Au vu et au su de tout le monde, le cabinet du président de la République s’était mué en autorité de tutelle, neutralisant le conseil d’administration, le gouvernement et l’ensemble des institutions de contrôle.
Durant le procès de Renaud Allogho Akoué, on a entendu des choses peu conformes aux règles de bonne gouvernance. Ainsi, l’ancien directeur général de la Caisse nationale d’assurance-maladie et de garantie sociale (Cnam-GS) aurait été nommé sur recommandation de l’ancien directeur de cabinet du président de la République. Tout au long de son bail à la tête de la Cnam-GS, il prenait ses ordres de son mentor supposé. Autrement dit, l’identification des préposés aux fonctions ne relève pas de la responsabilité des ministres mais de celle du cabinet présidentiel. La tutelle de l’État s’exerce non pas conformément aux dispositions y relatives mais, en fonction des accointances et allégeances diverses. Au-delà, il n’existe aucune différence entre tutelle technique, tutelle financière et tutelle économique.
Violation des règles et concentration des pouvoirs
A l’évidence, ni la loi n° 11/82 sur le régime juridique des établissements publics ni la loi n° 12/82 portant organisation de la tutelle de l’État n’ont été respectées. Bien au contraire. Elles ont été royalement ignorées. Le même constat vaut pour l’ordonnance n° 022/PR/2007 instituant un régime obligatoire d’assurance-maladie et de garantie sociale. Et pour cause : en son article 5 alinéa 2, le premier texte dispose : «(Dans les établissements publics), le directeur général est nommé par décret du président de la République sur proposition du ministre assurant la tutelle technique.» En son article 11, la même loi ajoute : «La tutelle de l’État sur les établissements publics s’exerce dans les conditions et formes prévues par les textes régissant la matière.» Or, en son article 29, le texte de création de la Cnam-GS affirme : «Le directeur général est nommé par décret sur une liste d’aptitude établie par le conseil d’administration.» Nulle part, il n’est fait mention du rôle du directeur de cabinet du président de la République. Comment s’était-il arrogé cette prérogative sans être recadré ?
Même si personne ne l’a relevé, Brice Laccruche-Alihanga ne se serait jamais mêlé de telles questions si le rôle du gouvernement n’était pas banalisé. Il n’aurait jamais proposé de nom si tout ne se décidait pas à la présidence de la République. Si les textes avaient été respectés, une liste d’aptitude aurait été établie. Et son avis n’aurait jamais été requis. Alors en poste à l’étranger, Renaud Allogho Akoué aurait-il postulé si un appel à candidatures et des auditions avaient été organisés ? Aurait-il été retenu si le conseil d’administration avait dressé la liste des candidats soumis à nomination ? Nul ne peut l’affirmer. Du coup, on peut en tirer une conclusion : imputables aux mis en cause, ces frasques sont aussi la conséquence d’une gouvernance hérétique, alliant violation des règles et concentration des pouvoirs entre les mains de quelques-uns.
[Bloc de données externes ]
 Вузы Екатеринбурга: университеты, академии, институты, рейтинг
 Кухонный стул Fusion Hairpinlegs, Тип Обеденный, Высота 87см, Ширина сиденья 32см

Un contexte propice à tous les abus
Les sectateurs du régime auront beau dénoncer une «diversion», la réalité demeurera : pourtant prescrite par les textes, la procédure de nomination du directeur général de la Cnam-GS n’avait pas été respectée. Ils auront beau accuser certains avocats de se laisser guider par «leurs opinions politiques», les faits parleront d’eux-mêmes : censé être signé «par le président du conseil d’administration et le directeur général pour le compte de l’entreprise et par le Premier ministre et les ministres assurant les différentes tutelle pour le compte de l’État», le contrat de programme n’a jamais été conclu. Plus grave, au vu et au su de tout le monde, le cabinet du président de la République s’était mué en autorité de tutelle, neutralisant le conseil d’administration, le gouvernement et l’ensemble des institutions de contrôle, notamment la Cour des comptes.
Dans l’opération Scorpion, on veut bien demander aux accusés d’assumer les conséquences de leurs actes. Mais, on ne peut faire comme si le contexte n’avait pas facilité leurs errements. On ne peut raisonner comme si la pratique politico-administrative n’était pas propice à tous les abus. Mille fois dénoncée, l’omnipotence du directeur de cabinet du président de la République a été théorisée, soutenue par les zélotes du régime. Loin de tout parti pris, ce paramètre doit être pris en compte dans l’analyse des agissements de Brice Laccruche-Alihanga et ses acolytes. Entre contournement des procédures, violation de la loi, montages institutionnels douteux et allégeances multiples, le pouvoir a implicitement créé les conditions de sa propre mise en cause. Au vu des gaspillages engendrés, la justice doit s’en souvenir. Eu égard aux retards accumulés, les citoyens doivent demander des comptes. Et nul ne devrait s’y opposer.